No, the Cold Doesn't Mean No Global Warming
Scientists say there's a difference between weather and climate.
Jan. 8, 2010 -- No, the cold snap in some parts of the northern hemisphere (New York, Florida, Beijing, Northern India, Europe) does not mean that manmade global warming is not happening, or even that it's happening just a little less.
This is, of course, an old story...and more and more 5th graders are bringing it home from their science classes to get their parents up to date on the latest climate science.
Bottom line -- fast and simple? Three points:
1. Weather is not climate.
2. Manmade global warming means less frequent cold snaps (not none at all) and more frequent heat waves -- just as we've been having.
3. You know (don't you?) about the record high temperatures this week in Washington State, Alaska and Bulgaria in the Northern Hemisphere -- plus, down south, the record-breaking high temperatures in New Zealand, and the second hottest year on record (after 2005) in Australia?
Take a look at a piece, "Weather Is Not Climate," that my ABC News colleague Clayton Sandell and I filed on the same question three years ago.
In it, we spoke to Mark Serreze, a research scientist at the National Snow and Ice Data Center.
"The fact that we had a couple of cool months doesn't say anything at all about long-term trends," said Serreze. "It's just a clear example of natural variability on the climate system. The long-term averages are decidedly toward a warming planet.

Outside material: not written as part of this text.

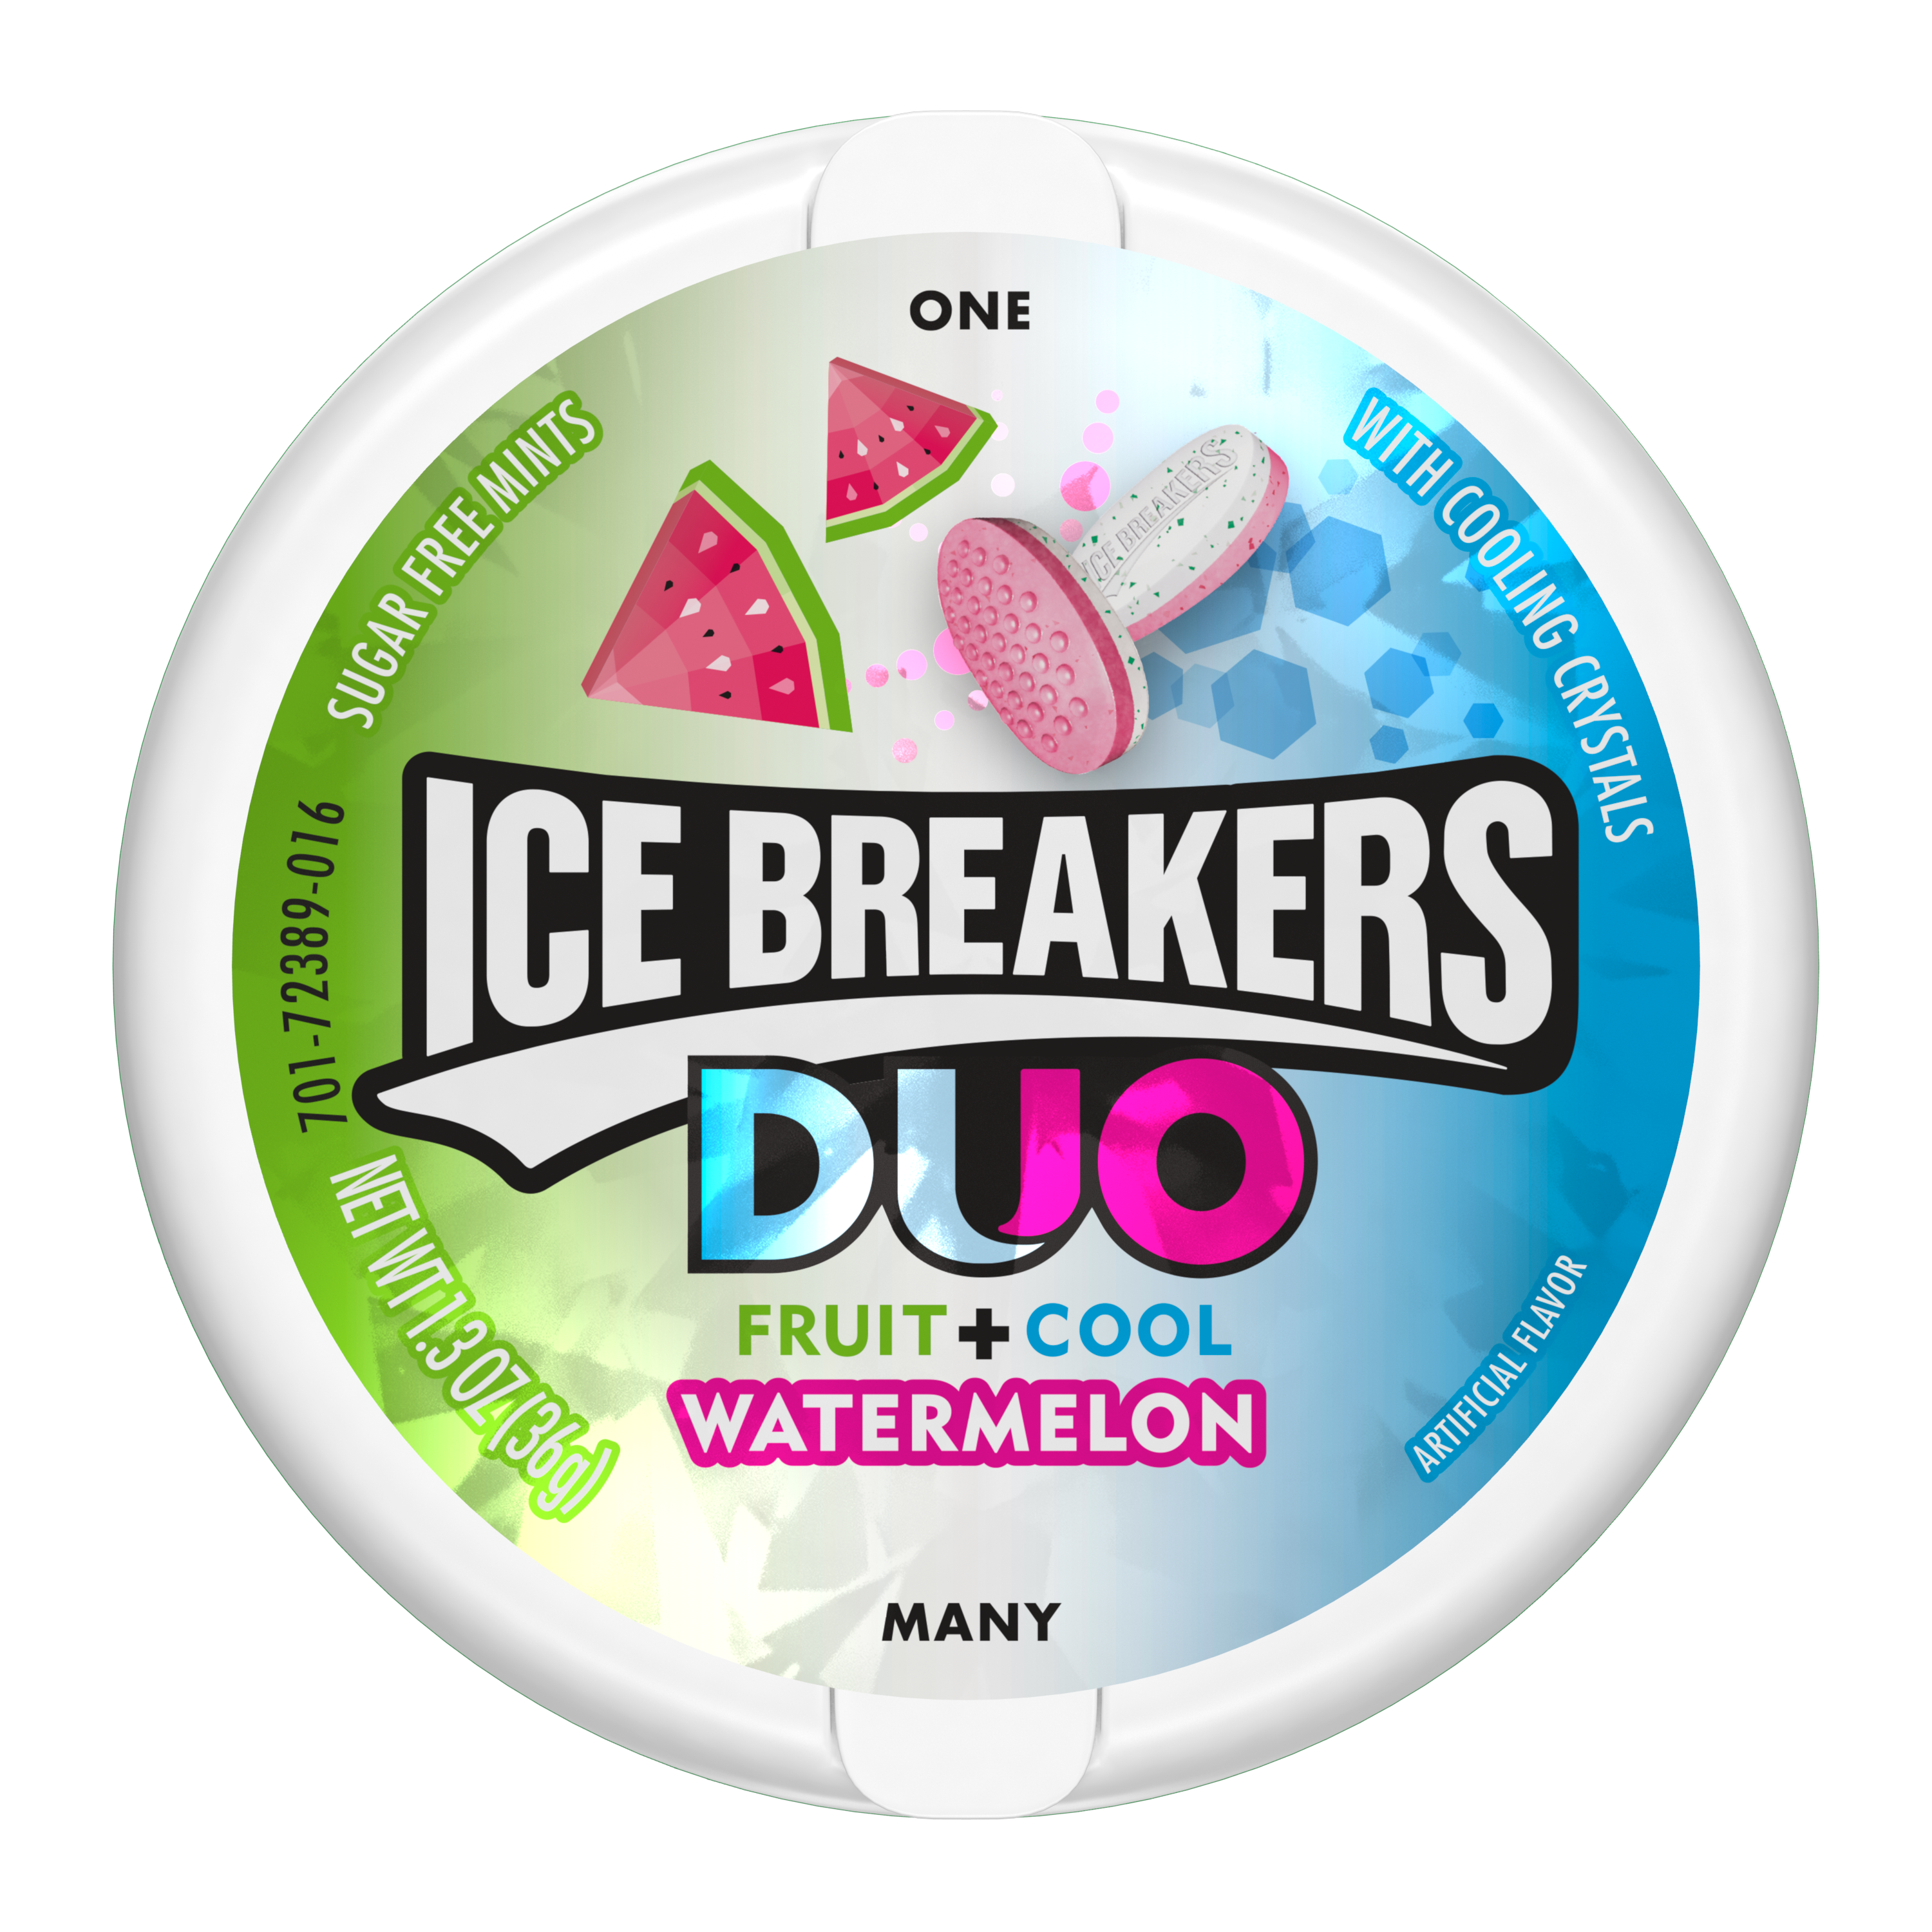 ICE BREAKERS DUO Watermelon Sugar Free Mints, 1.3 oz puck - Front of Package

"We have a gradual warming of Earth's system, but that is interspersed with a strong natural variability in the system," he said. "This is just the way the system works."
Kevin Trenberth, a scientist at the National Center for Atmospheric Research, agreed.
"Weather is chaotic. It has an infinite amount of variability, and that's just the nature of weather," he said. "Weather dominates on a day-to-day basis, and there will be warmer periods and cooler periods. But it's the overall pattern that gives you the climate."
'It's Not Actually That Cold'
There is also a new piece by Malcolm Ritter, a science writer at The Associated Press. You can find it by clicking HERE.
Weather vs. Climate
Or take a look at a blog post by Eoin O'Carroll at the Christian Science Monitor.
In it, he writes, "It's not actually that cold.
"Yes, it takes chutzpah to say this amid reports of seniors in Britain burning books to stay warm, but it's true. It was actually colder in London this week last year....
"It's the same story all over the Northern Hemisphere. Yes, it's colder than what we're used to in January, but we're not breaking very many new temperature records."
Ten Days vs. 20 Years
Weather is short-term and local -- say, the next five or 10 days in the Tri-State Area.
Climate is long-term and regional (or bigger) -- say, the average over the next 20 years in the American Northeast.
If you look at this graph of the past 130 years from the National Climate Data Center, you will see that from year to year there have been sharp spikes and valleys.
But the "decadal average" (over ten years) has been rising, is now the hottest since modern records were kept, and accelerating, the scientists tell us.
In Boulder, Colo., the National Center for Atmospheric Research recently reported that, while the ratio of record hot to record cold days in the 1950s was very roughly 1-to-1, by the 2000s, there were more record hot days by a ratio of 2-to-1.
A Note on the 'Proximate Causes' of the Cold Snap
The weather systems of the planet are highly complex.
This is the reason it's so hard to predict weather -- which is short-term and local -- but easier to predict climate, which is long-term and regional.
It's like the surface of a pot of boiling water. You can't predict whether a bubble will or won't appear at a precise tiny point on the surface exactly five minutes after you turn on the heat, but you can predict what the overall surface will look like overall -- it will be bubbling.
However, modern meteorologists are getting better all the time, and among the partial explanations they now give of the immediate ("proximate") causes of the cold snap are a) that the "rivers of air" -- like the jet stream that flows east to west in the northern hemisphere -- have developed some big dips to the south, which pull down Arctic air into lower latitudes, and b) that something called the AO -- short for Arctic Oscillation -- is relatively weak at the moment.
Since the AO's winds tend to swirl around the north pole and, when they are stronger, keep the cold Arctic air penned in up there, when they are weaker, it can let more frigid air spill down toward the south.
Scientists often advise that, when thinking about weather, or climate -- or anything, really -- it's always important to remember that nothing ever happens for any one reason.